:: Exercise instructions ::
Among the lines of the data, copy those that hold "Bowl".

Records from a dataset:
■ ■ ■ ■

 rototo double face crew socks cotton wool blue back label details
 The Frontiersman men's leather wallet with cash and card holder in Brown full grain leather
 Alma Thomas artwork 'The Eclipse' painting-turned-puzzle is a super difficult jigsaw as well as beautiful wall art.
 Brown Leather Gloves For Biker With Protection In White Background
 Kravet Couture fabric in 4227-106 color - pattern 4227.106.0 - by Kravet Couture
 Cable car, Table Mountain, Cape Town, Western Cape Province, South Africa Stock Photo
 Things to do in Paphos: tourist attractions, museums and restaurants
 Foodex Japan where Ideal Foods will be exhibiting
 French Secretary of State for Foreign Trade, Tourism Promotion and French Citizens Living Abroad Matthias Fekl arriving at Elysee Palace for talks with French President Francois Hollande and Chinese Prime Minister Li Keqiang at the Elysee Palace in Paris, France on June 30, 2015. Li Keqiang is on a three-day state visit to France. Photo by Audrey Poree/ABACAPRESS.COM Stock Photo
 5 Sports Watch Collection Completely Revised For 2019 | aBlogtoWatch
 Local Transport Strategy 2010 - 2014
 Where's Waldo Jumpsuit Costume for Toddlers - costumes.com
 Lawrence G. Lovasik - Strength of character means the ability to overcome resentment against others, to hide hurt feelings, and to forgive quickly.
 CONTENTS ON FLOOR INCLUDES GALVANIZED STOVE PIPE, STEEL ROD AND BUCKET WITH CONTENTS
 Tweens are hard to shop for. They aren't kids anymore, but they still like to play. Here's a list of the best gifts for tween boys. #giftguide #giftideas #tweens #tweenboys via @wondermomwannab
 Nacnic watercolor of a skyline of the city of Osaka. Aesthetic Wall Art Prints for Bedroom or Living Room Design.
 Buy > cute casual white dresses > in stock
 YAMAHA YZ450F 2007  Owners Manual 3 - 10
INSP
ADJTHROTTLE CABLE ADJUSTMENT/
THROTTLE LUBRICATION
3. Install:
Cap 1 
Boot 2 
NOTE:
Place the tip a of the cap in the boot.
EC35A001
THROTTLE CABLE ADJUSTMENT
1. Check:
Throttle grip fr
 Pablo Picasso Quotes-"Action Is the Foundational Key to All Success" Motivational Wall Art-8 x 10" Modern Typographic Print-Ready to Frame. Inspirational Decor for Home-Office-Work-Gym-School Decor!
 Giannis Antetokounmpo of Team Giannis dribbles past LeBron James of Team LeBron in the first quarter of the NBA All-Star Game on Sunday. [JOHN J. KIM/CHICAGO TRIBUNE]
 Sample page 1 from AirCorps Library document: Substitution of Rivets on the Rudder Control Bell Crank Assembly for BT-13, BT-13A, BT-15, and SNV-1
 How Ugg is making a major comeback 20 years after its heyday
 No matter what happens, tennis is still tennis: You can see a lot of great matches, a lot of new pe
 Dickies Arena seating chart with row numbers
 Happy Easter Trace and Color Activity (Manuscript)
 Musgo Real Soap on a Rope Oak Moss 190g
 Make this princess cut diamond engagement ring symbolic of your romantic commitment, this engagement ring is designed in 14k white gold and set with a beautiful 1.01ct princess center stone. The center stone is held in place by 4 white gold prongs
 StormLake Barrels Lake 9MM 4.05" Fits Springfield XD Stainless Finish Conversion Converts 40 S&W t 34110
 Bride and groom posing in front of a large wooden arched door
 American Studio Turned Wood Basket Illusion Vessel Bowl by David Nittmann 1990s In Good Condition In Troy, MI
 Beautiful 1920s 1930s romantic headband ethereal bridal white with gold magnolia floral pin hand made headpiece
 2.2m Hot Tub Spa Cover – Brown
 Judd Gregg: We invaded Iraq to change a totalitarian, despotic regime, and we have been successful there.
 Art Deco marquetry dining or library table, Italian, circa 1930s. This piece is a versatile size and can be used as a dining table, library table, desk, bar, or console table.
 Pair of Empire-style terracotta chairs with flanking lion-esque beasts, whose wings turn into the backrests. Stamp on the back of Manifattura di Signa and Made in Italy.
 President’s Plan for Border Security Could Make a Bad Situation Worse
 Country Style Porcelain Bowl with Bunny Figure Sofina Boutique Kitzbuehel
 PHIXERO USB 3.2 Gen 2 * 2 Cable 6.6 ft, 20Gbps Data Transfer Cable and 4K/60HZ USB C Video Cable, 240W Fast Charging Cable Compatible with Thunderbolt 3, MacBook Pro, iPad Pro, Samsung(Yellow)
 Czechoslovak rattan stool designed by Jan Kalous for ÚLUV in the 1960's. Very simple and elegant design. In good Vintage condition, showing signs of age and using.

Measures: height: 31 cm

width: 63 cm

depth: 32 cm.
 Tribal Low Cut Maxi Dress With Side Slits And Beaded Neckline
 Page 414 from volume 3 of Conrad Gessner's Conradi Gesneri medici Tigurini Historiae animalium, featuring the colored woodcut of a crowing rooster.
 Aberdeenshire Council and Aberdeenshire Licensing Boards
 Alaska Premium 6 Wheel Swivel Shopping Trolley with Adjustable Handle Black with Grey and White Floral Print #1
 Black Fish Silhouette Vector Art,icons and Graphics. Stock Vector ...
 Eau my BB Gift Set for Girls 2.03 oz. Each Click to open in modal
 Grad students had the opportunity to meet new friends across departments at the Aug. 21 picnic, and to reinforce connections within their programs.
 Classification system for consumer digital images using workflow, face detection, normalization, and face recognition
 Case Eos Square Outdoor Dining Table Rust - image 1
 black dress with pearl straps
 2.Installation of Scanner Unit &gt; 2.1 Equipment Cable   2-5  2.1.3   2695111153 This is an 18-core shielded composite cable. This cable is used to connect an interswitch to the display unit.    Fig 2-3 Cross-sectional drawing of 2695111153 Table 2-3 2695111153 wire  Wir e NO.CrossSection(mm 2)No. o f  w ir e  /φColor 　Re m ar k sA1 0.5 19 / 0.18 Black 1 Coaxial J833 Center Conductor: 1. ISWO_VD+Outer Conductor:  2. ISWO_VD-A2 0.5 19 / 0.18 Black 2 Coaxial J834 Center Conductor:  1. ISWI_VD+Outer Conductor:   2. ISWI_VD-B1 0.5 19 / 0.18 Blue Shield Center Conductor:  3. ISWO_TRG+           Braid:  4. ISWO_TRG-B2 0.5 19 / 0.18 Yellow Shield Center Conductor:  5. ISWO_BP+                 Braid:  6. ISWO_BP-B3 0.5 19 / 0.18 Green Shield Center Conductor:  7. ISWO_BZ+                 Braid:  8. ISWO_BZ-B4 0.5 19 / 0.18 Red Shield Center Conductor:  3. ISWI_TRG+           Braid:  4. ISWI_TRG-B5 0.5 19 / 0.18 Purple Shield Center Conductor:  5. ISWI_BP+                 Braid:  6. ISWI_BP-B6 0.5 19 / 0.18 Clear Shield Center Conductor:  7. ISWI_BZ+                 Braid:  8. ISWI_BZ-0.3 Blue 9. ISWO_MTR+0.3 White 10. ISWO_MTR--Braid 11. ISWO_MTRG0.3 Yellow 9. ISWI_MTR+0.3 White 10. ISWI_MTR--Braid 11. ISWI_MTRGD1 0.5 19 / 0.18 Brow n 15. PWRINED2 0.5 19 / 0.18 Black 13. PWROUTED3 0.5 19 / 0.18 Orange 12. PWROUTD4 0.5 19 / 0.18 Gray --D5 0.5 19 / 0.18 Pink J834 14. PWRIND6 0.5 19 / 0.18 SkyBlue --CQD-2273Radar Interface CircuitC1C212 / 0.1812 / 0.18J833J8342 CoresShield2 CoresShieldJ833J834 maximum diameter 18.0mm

■ ■ ■ ■

:: Expected answer ::
 American Studio Turned Wood Basket Illusion Vessel Bowl by David Nittmann 1990s In Good Condition In Troy, MI
 Country Style Porcelain Bowl with Bunny Figure Sofina Boutique Kitzbuehel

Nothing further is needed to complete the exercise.